You will find details of our environmental matters in the Environmental Matters section of the Notes to Consolidated Financial Statements beginning on page 13 and in our 2002 Annual Report on Form 10-K in Item 1. BusinessEnvironmental Matters. These details include financial information. Some of the information is about costs that may be material.
Accounting Standards Issued and Adopted
We discuss recently issued and adopted accounting standards in the Accounting Standards Issued and Accounting Standards Adopted sections of the Notes to Consolidated Financial Statements beginning on page 16.
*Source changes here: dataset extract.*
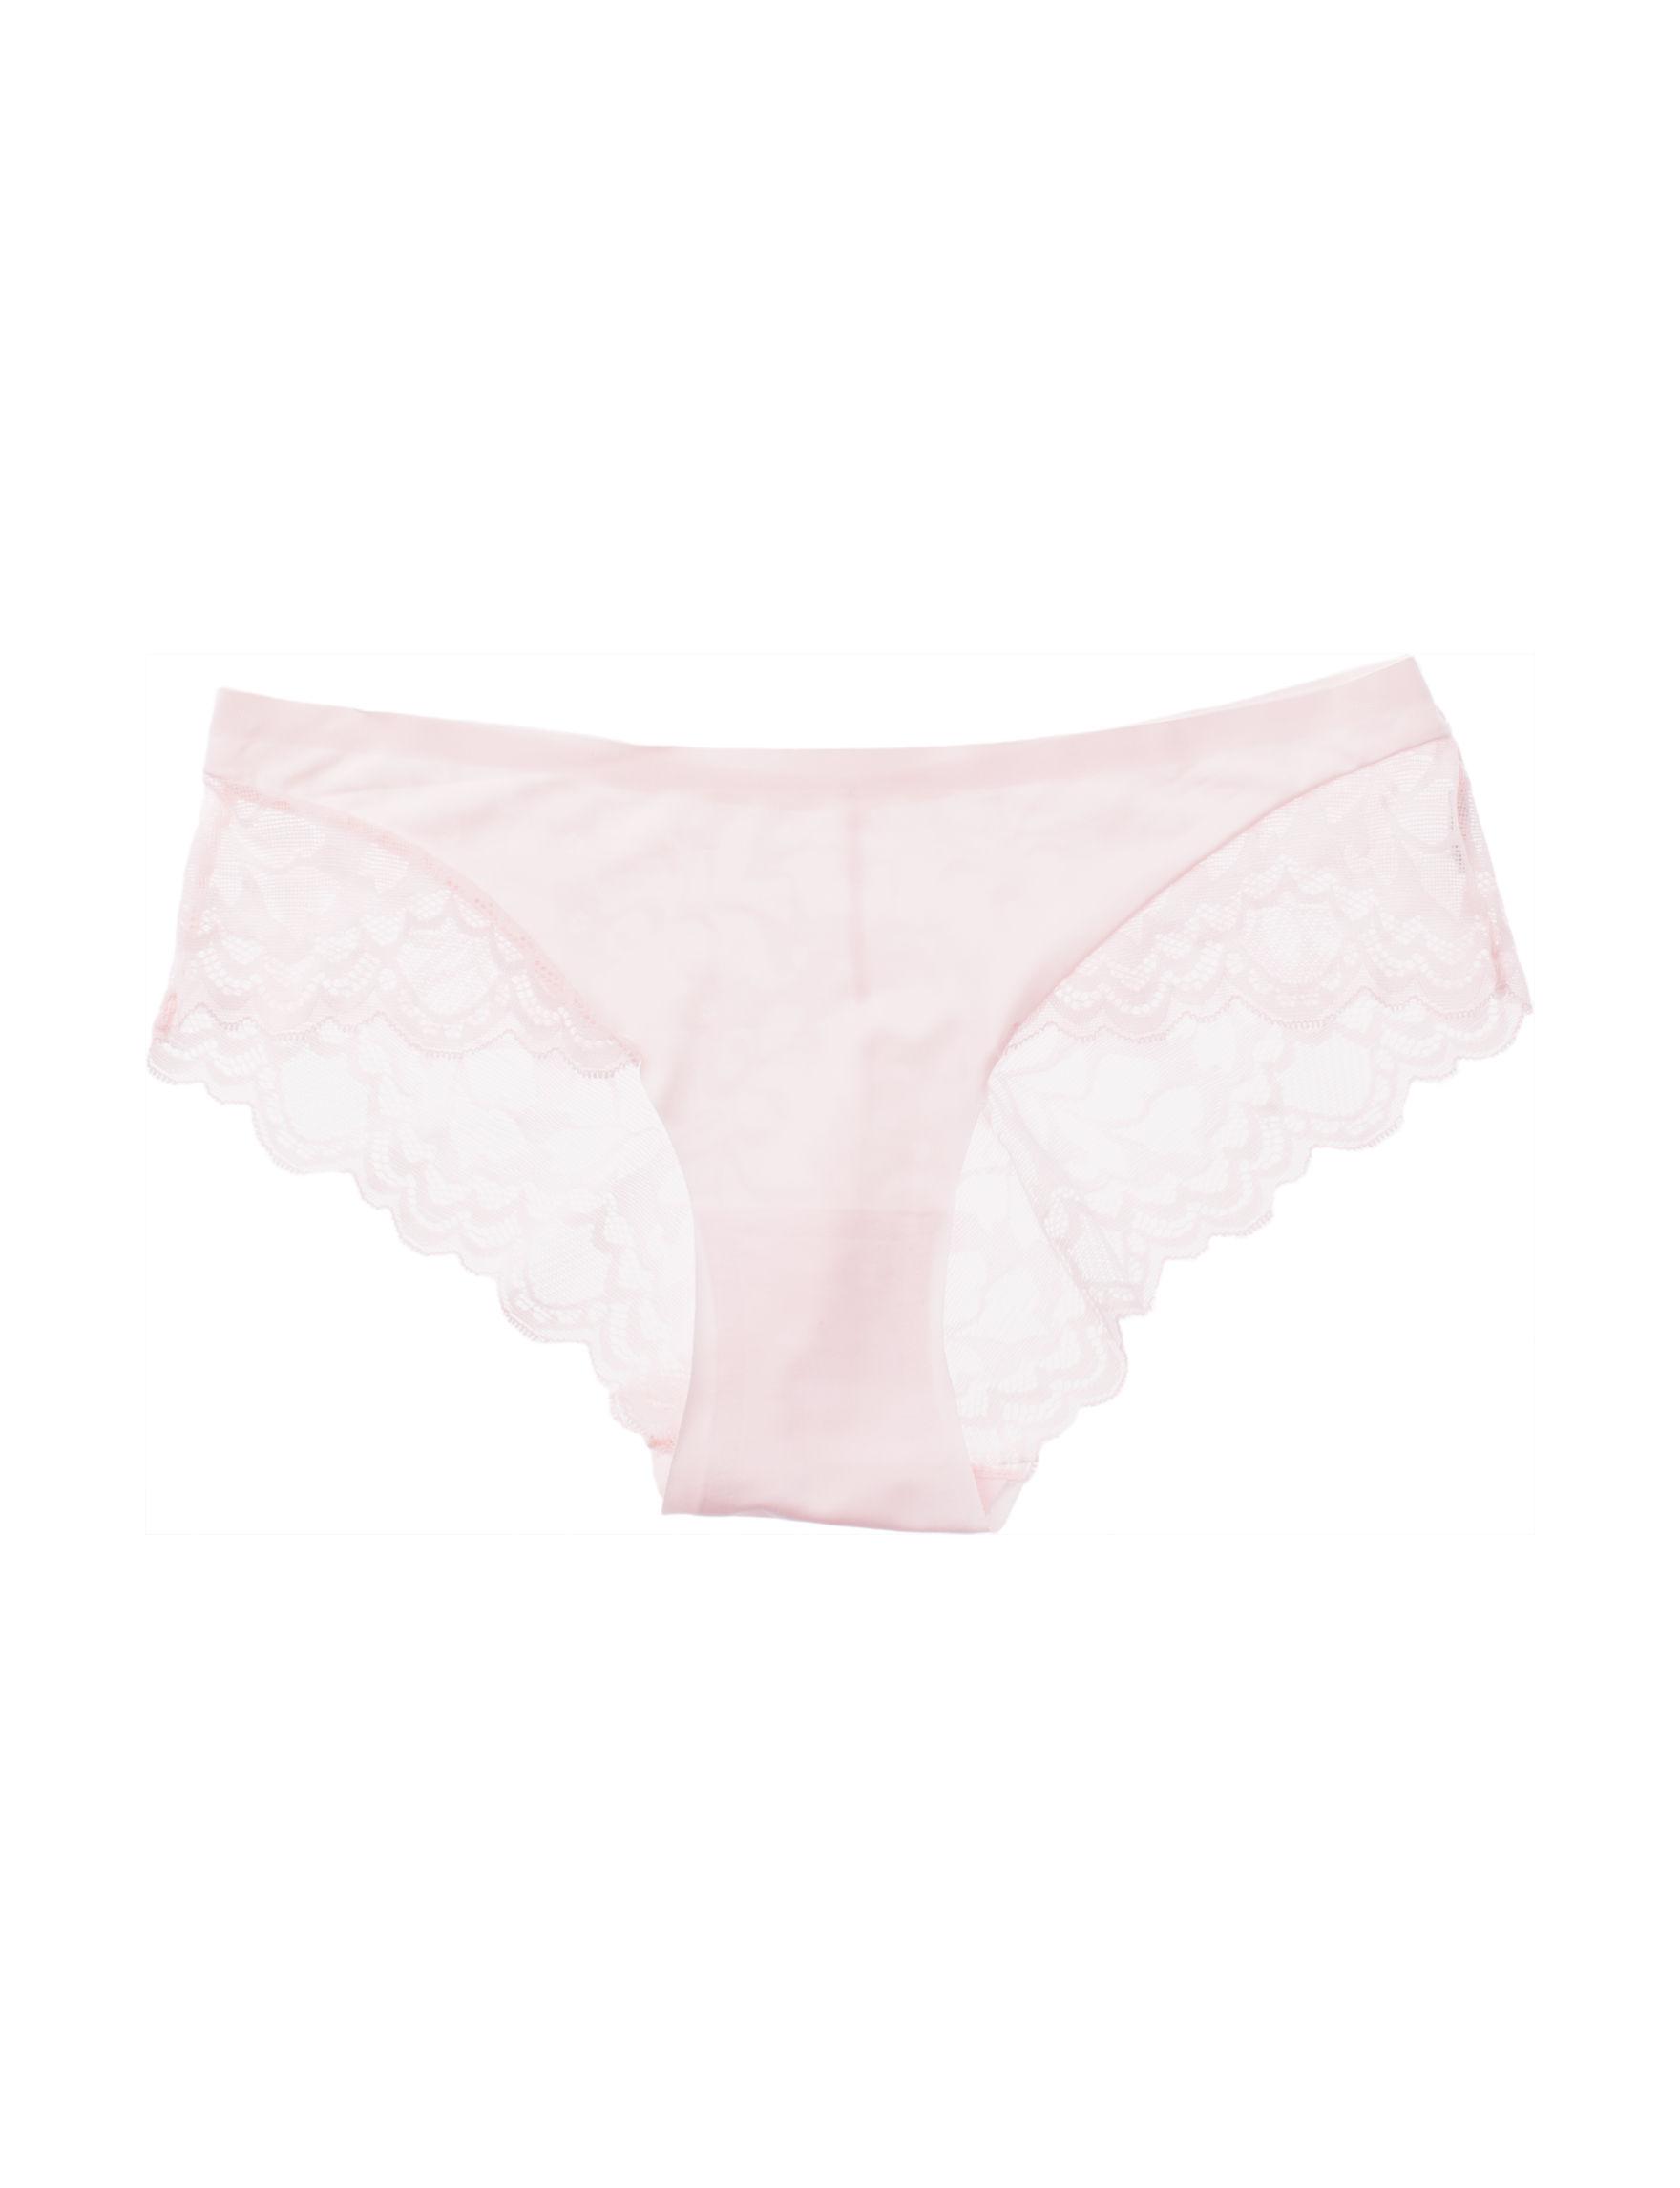 Rene Rofe Pink Panties Hipster

Item 4. Controls and Procedures
A control system, no matter how well conceived and operated, can provide only reasonable, not absolute, assurance that the objectives of the control system are met. Because of the inherent limitations in all control systems, no evaluation of controls can provide absolute assurance that all control issues and instances of fraud, if any, within Constellation Energy or BGE have been detected. These inherent limitations include the realities that judgments in decision-making can be faulty, and that breakdowns can occur because of simple error or mistake. Additionally, controls can be circumvented by the individual acts of some persons or by collusion of two or more people.
The design of any system of controls also is based in part upon certain assumptions about the likelihood of future events, and there can be no absolute assurance that any design will succeed in achieving its stated goals under all potential future conditions; over time, controls may become inadequate because of changes in conditions, or the degree of compliance with the policies or procedures may deteriorate. Because of the inherent limitations in a cost-effective control system, misstatements due to error or fraud may occur and not be detected.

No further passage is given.